The english/german translation has now been verified by a professional
translator. We are now in the process of having every language verified. We've
added info about the word type - noun, verb etc. Likewise, gender. We've added
the speaking teacher to say the word, plus there is a facility for native
speakers and learners to make recordings of their daily words - this is
particularly important for languages where a text to speech engine is not
available, such as Welsh or Hindi. Immersion is the best way to learn a
language, but having a bank of 1000 words to pull from really helps
comprehension in the early days. Look out for our new release on the 1st
August. Many thanks for your feedback, Nicola

------
NicolaLearnit
Hi, this is Nicola from Learnit lists.

We are currently running a private beta test of the next release of the
widget, after identifying many of the concerns raised in these posts in
previous research.

If you would be interested in helping us with a private beta test of the next
release, please contact me on info at learnitlists dot com.
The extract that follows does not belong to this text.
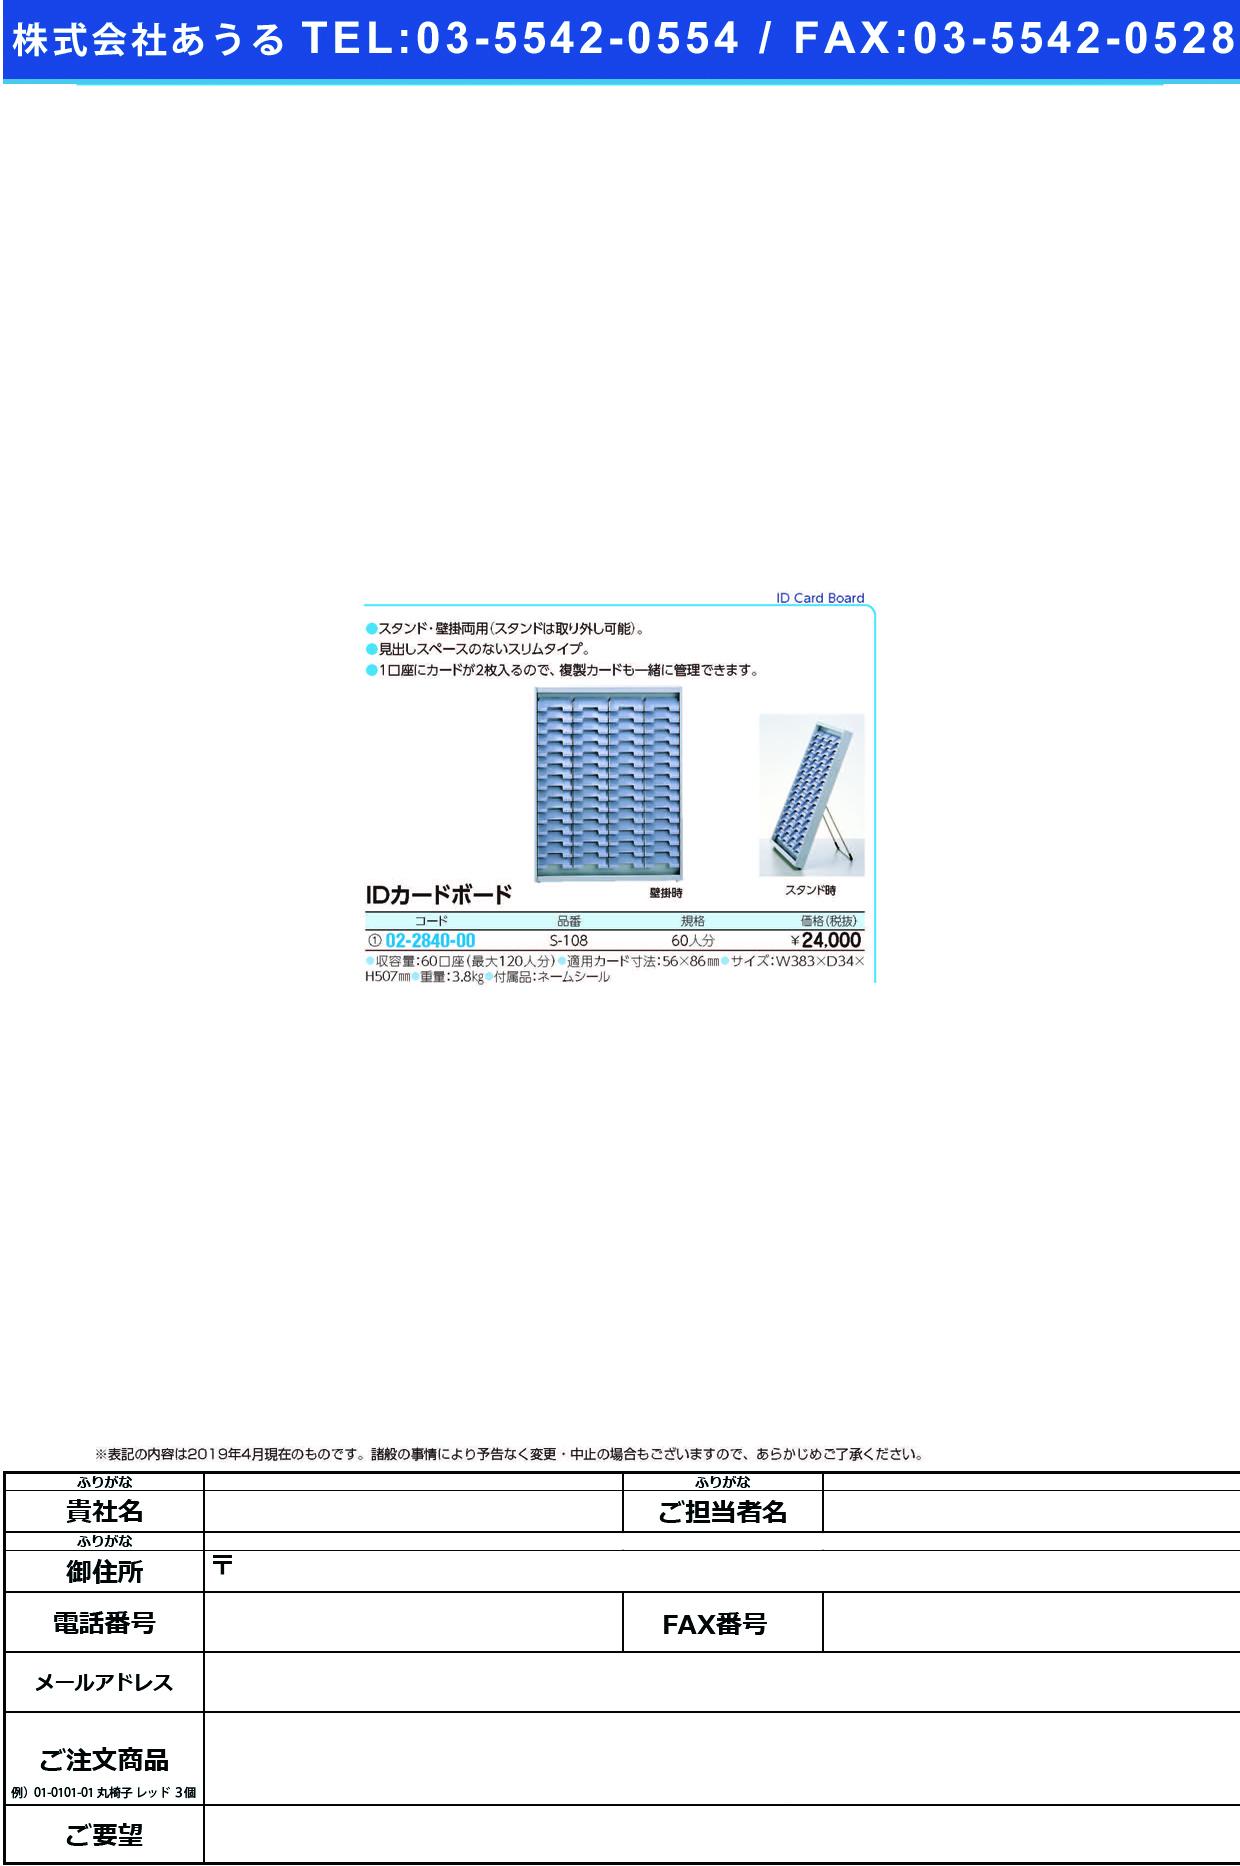 (02-2840-00)IDカードボード(60口座) S-108 IDカードボード(60コウザ)(LIHITLAB.)【1台単位】【2019年カタログ商品】

Many thanks for your time.

------
okeumeni
Great Idea: learning another language without much effort, certainly need
improvements. Question how do you make money?

------
davidw
Some of the widgets seem slow to load. Don't want to register to try it out.

------
hormart
Thanks for comments. We (=learnitlists.com) plan on improving the widget, now
2.0 version is being developed.

I would especially appreciate your thoughts about the user interface. Is the
widget easy to use?

------
hormart
Thanks to everybody for honest feedback. That is what I want to hear :)